The controversy led the City Council last week to ask staffers to review the report and simplify comments that contained what Council Member Kevin Staunton called "inadvertent identifiers."

But the co-chairman of the task force that issued the report said he worried that revising it would lessen its impact and harm efforts to improve race relations.

Among several anonymous comments in the report was one about an alleged violent incident involving the Edina High School boys' hockey team. According to the report, players on the team physically assaulted a younger black player during a captains' practice at Braemar Arena, "punching him and choking him" while calling him the N-word.

In a letter published last week by the Sun Current newspaper, Mayor James Hovland wrote that the incident was investigated by parents, coaches and the school district and "found not to have occurred with the 2017-18 team or in the recent past."

Troy Stein, the athletic director at Edina High School, said Tuesday that district staffers reached out to school athletes "and were able to confirm that certainly in the last three years that it did not occur."
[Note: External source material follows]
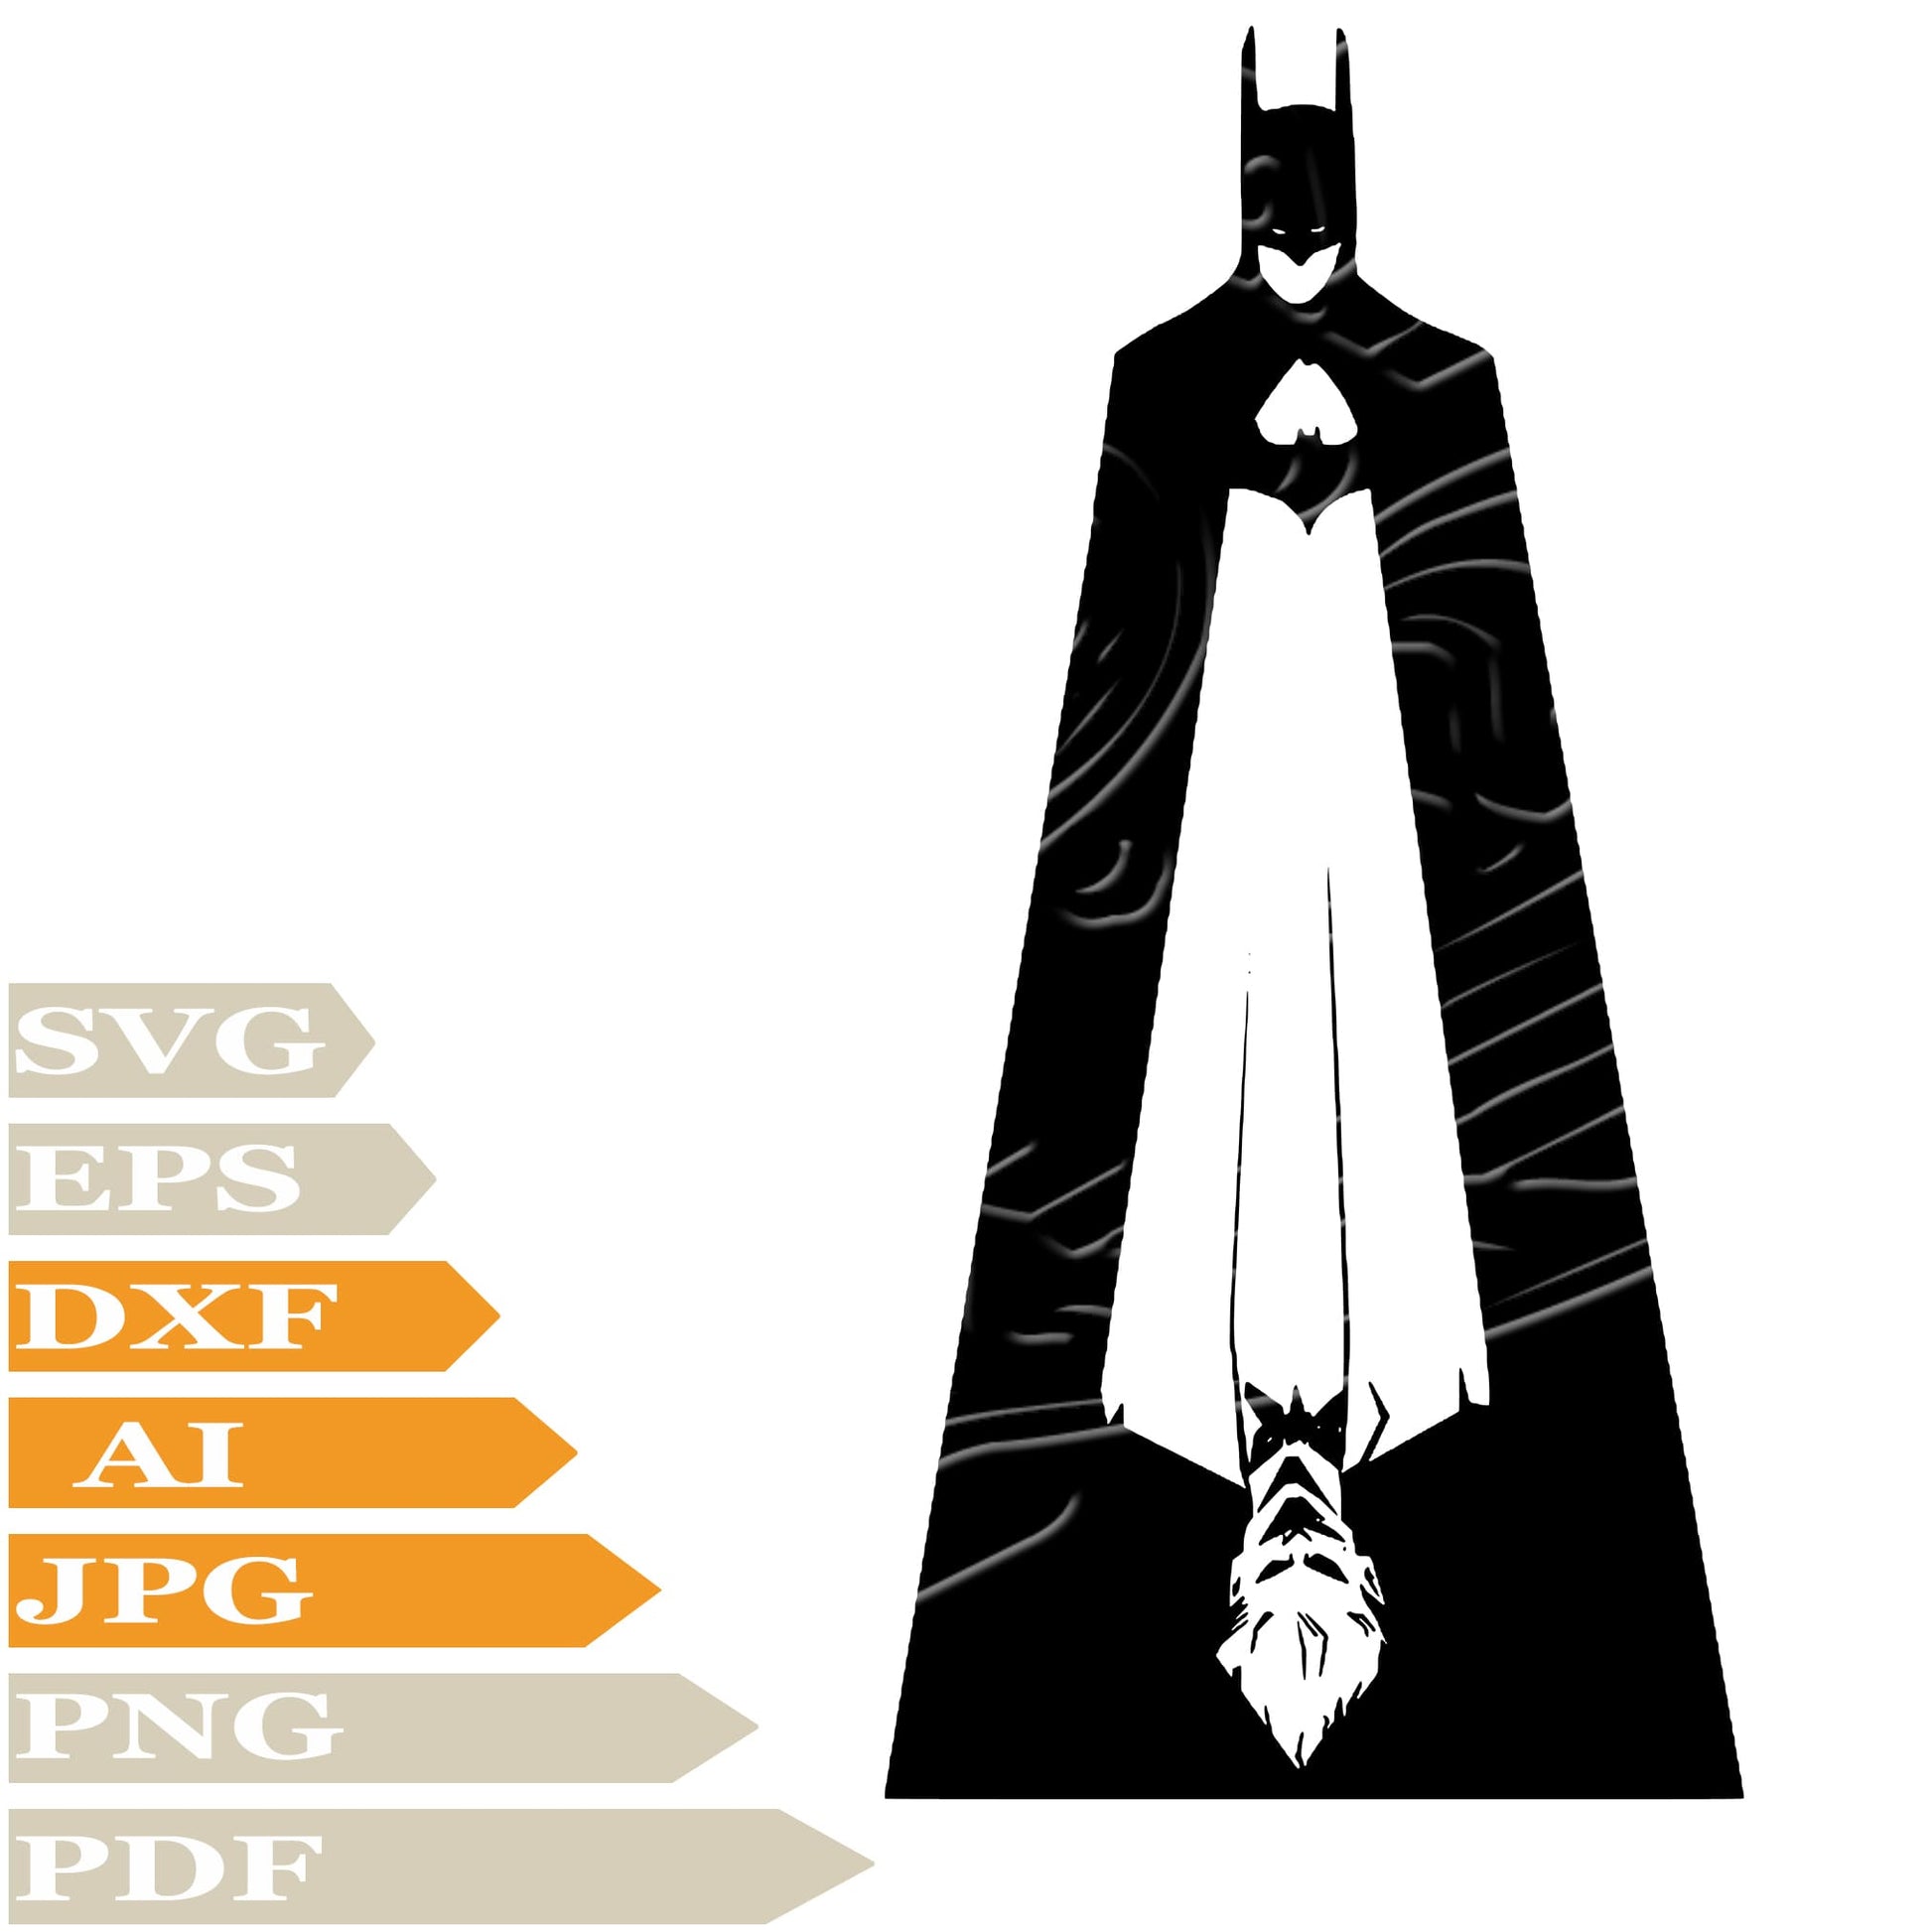 Batman Joker, Batman Logo Svg File, Image Cut, Png, For Tattoo, Silhouette, Digital Vector Download, Cut File, Clipart, For Cricut

Stein said captains' practices — preseason events organized by team captains — are not sponsored by the school or the district. Under district policy, the practices are run by students but must have at least one adult supervisor present at all times.

In an interview Tuesday, Hovland said parents and coaches who reached out to him believe the incident probably didn't happen at all. "They can't say it never occurred ... but they feel real comfortable as a result of this investigation," he said.

City officials believe other comments in the report also may have inadvertently identified particular people, and want that information removed.

"I think it's important that this is not a redaction. This is a reframing of it because that leaves the stories in place," Staunton said.

The point of the report, Hovland wrote in his letter in the Sun Current, was not to accuse anyone of being racist or discriminatory toward people of color.

The hockey team anecdote showed, he wrote, "that while great care was taken to protect story sources by allowing anonymity ... protections should have also included elimination of specific identifiers."

But James Pierce, co-chairman of the task force that created the report, said he hoped that comments won't be removed simply because they offend somebody.

"The more you dilute a vision, the less progress you make," Pierce said. "I think you run the risk of losing the momentum of the change that you're trying to drive."

Pierce said part of the council's decision to modify the report had to do with residents resisting the task force's conclusions.

"We expected there would be pushback," he said. "What is unsettling is that ... it does not feel like [the council] is at the advocacy level of change."

Hovland said he trusted in the accuracy of the rest of the report and that he hadn't received complaints over any other comments. He said he wanted the revisions to go before the council and the co-chairs of the task force once they're ready.

"I want [the task force] to make sure that we're totally comfortable with their work product and these modifications that we thought we had to make," he said.